Si incontrano ermite solitarie dove ci possiamo fermare nel silenzio pieno della presenza di Dio e pregare per i nostri cari, per la pace, per il mondo.

Questo tipo di vita e di rapporti ha qualcosa della semplicità monastica, crea comunità.
Non si è pellegrini da soli, lo si è con gli altri, in mezzo agli altri. Non interessa che cosa fa uno nella vita di tutti i giorni, tutti i pellegrini sono uguali non c’è ricco, né povero, né debole, né forte. Non è che le differenze sociali siano annullate, solo che chi ha una giacca in gorotex non si sente superiore a chi ha abiti semplici.
Alla sera è bello ritrovarsi nei rifugi. Se qualche volta dormiamo altrove si ha la spiacevole sensazione di essere usciti dal coro, di essere falsi pellegrini.
Si impara a vivere insieme. Si condividono cose materiali in modo spontaneo e naturale,  acqua, cibo, medicine, cure, anche fastidi, come il  russare, lo stropiccio dei sacchetti di plastica alle 5 di mattina…
Si impara l’umiltà, aver bisogno degli altri, una parola, un consiglio, un’indicazione, un sorriso.
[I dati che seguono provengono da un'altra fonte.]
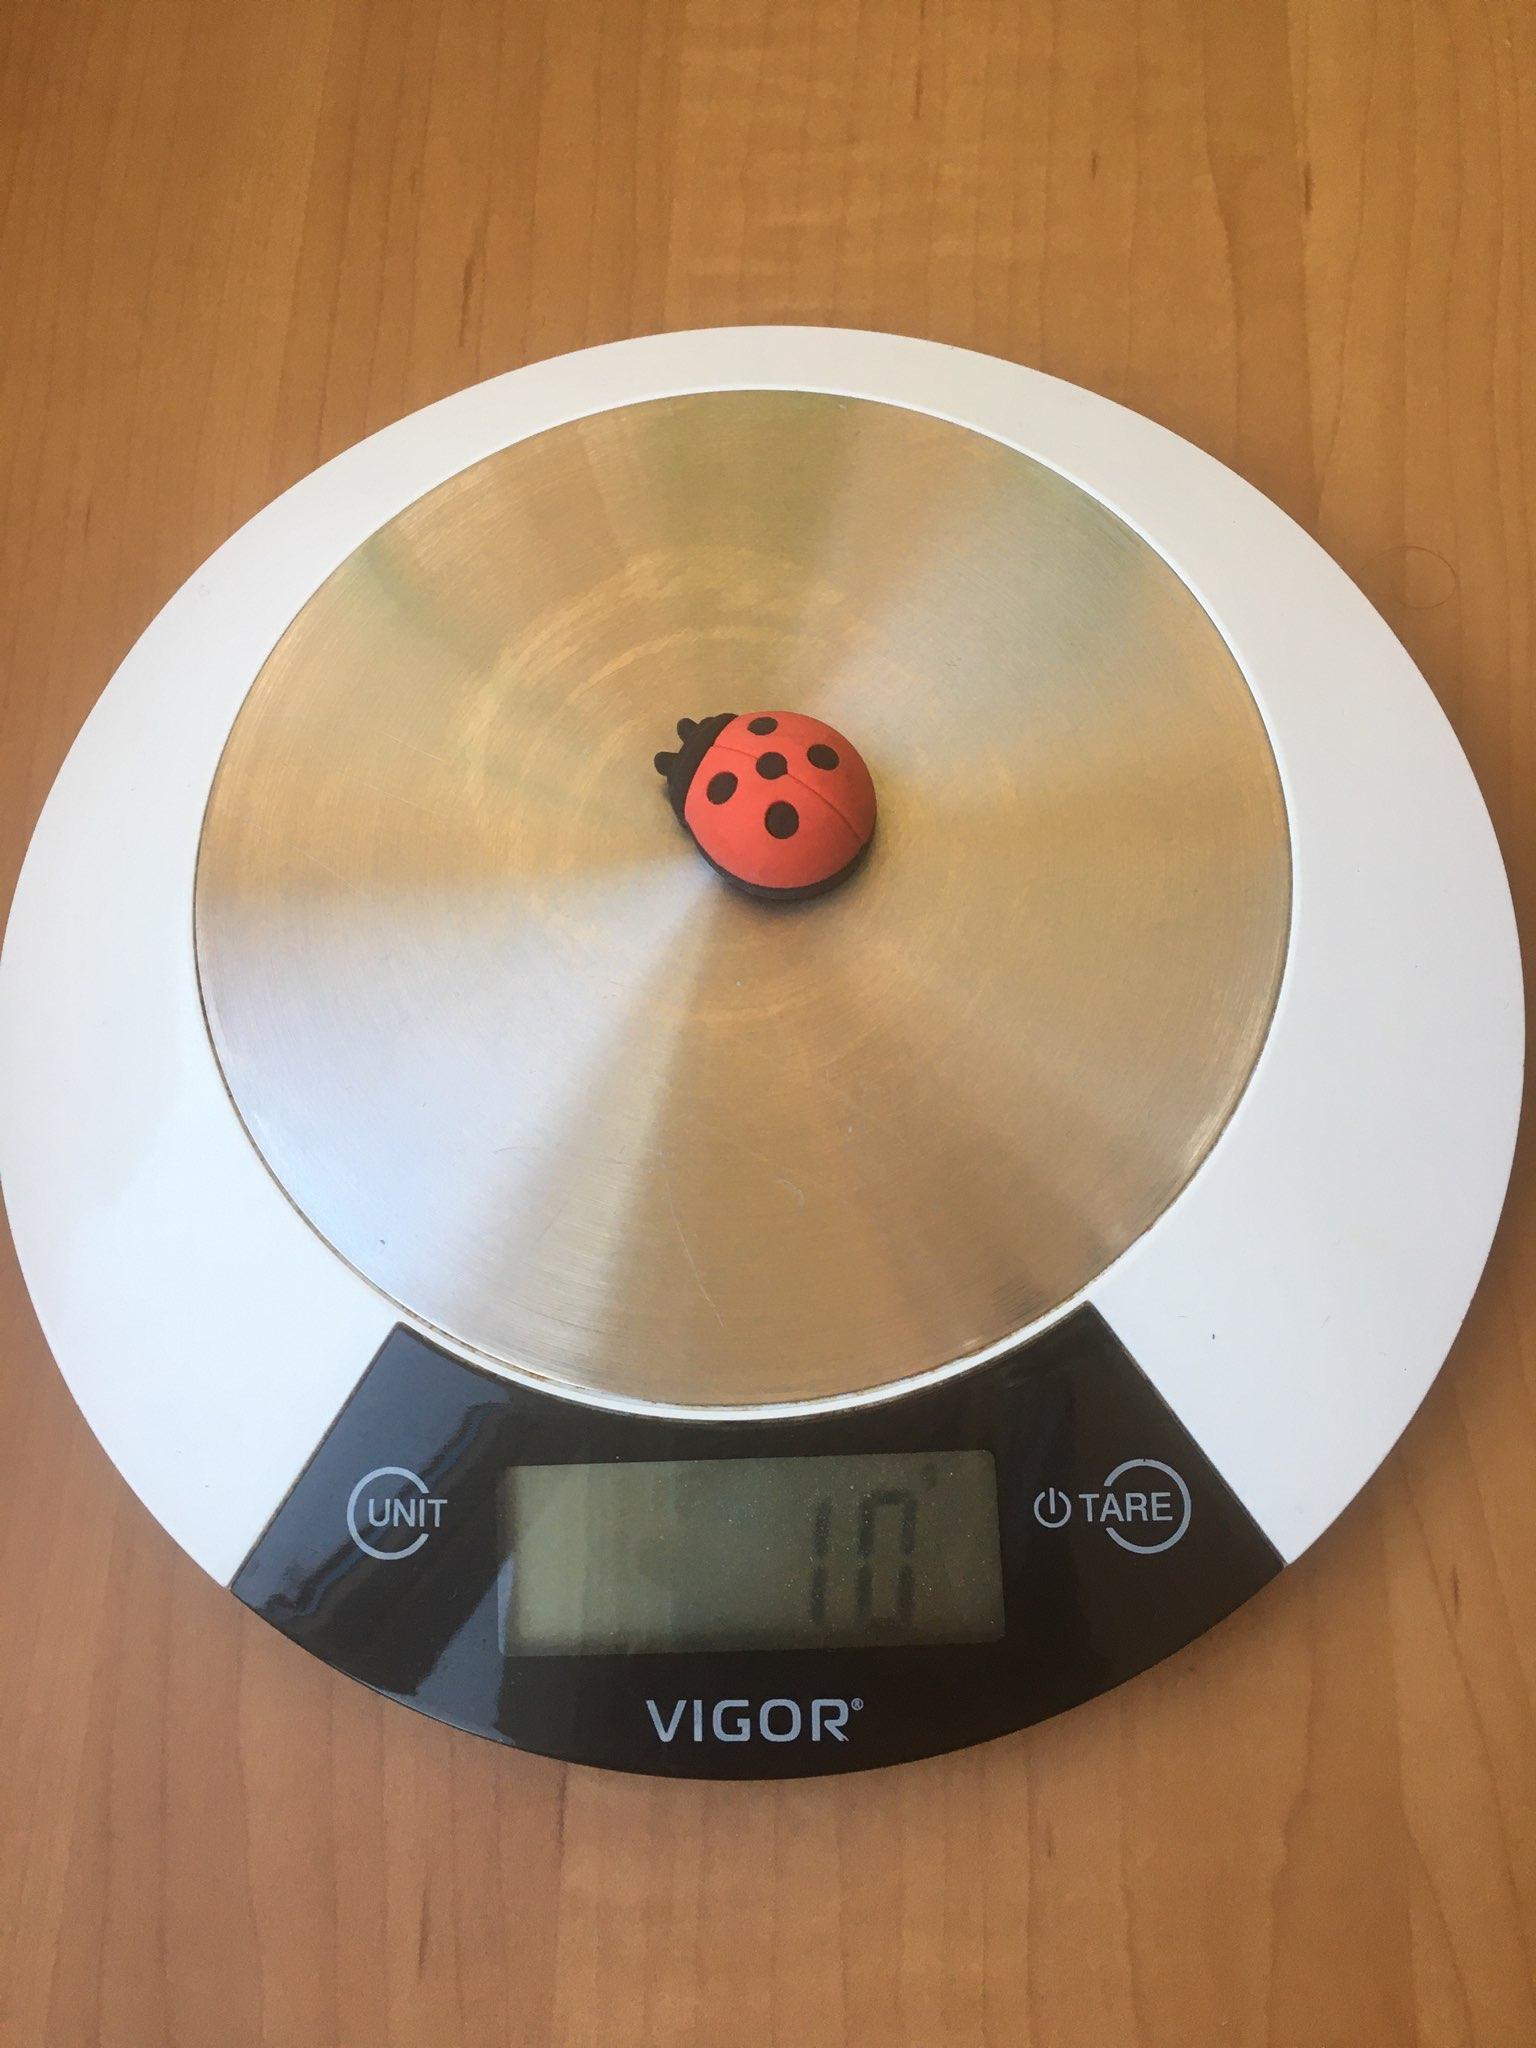 вес стирательной резинки фигурной

Si fa tutto in leggerezza nel modo più semplice del mondo.
Si crea una comunicazione a livello profondo, spesso non si parla di banalità.
Parlando si accoglie e si è accolti.  Una parola può essere detta, condivisa tra pellegrini perché si condivide la stessa vita.

Negli ultimi giorni, più ci si avvicina a Santiago, meno si ha voglia di arrivare, non si vuole che tutto questo finisca. Non si ha voglia di   lasciare questa atmosfera, questo modo di vivere.
Il giorno dell’ arrivo si provano sentimenti diversi, gioia, sorpresa, tristezza, straniamento, nostalgia.
Gioia perché si è raggiunta la meta. Sorpresa di essere lì, tanto che molti restano a lungo sdraiati nella piazza a guardare la cattedrale increduli.
Sorpresa di essere riusciti in quello che non credevi e in una maniera del tutto naturale. A casa spesso chiedono come è possibile camminare così tanto. Eppure è possibile e senza essere eroi.
Si prova tristezza perché il sogno è terminato, la semplicità si sta per perdere, si deve ritornare alla vita di tutti i giorni, perché gli amici conosciuti per strada se ne vanno e quasi sicuramente non si rivedranno più. Il cammino è duro per questo  non tanto per il camminare quanto per il distacco.
Avvertiamo un senso di straniamento. Non siamo ancora pronti al ritmo della città, perciò si avverte ancor di più il bisogno di ritrovare quella calma e quel silenzio che ci hanno accompagnato per tanti giorni. Così ci si rifugia in cattedrale dove la pace ci avvolge  in un tutt’uno di cuore mente e corpo  dove rendere grazie a Dio sale spontaneamente alle labbra.
Tutti credenti  o no entrano in cattedrale, tutti escono con l’anima in pace e il cuore in festa.
Fuori sulla piazza mille foto ricordo e un continuo  susseguirsi di richiami di esplosioni di gioia per il piacere e la sorpresa di riabbracciare qualcuno che si  credeva perso per sempre.. Abbracci di gioia per chi arriva, abbracci velati di tristezza per chi si saluta per sempre. Nel giro di due giorni  si cerca inutilmente qualche viso conosciuto e si capisce che è arrivato il momento di partire, per non essere sopraffatti dalla nostalgia.
Il paradosso è che il Cammino di Santiago comincia al ritorno.
Andata e ritorno sono due viaggi differenti,al ritorno  c’è un cambiamento di prospettiva.
Si ritorna con il cuore e lo spirito leggeri. Si è più essenziali, più tolleranti, più in pace con noi stessi.
Si torna diversi perché, parafrasando Etty Hillesum, abbiamo fatto esperienza  che si può essere capaci di vivere anche senza niente perché c’è sempre un pezzetto di cielo da poter guardare.
Abbiamo scoperto, con le parole di frère Roger, che
"Dio illumina le nostre anime di una luce inattesa
e scopriamo che in noi al di là di una parte di oscurità
c’è soprattutto il mistero della Sua presenza".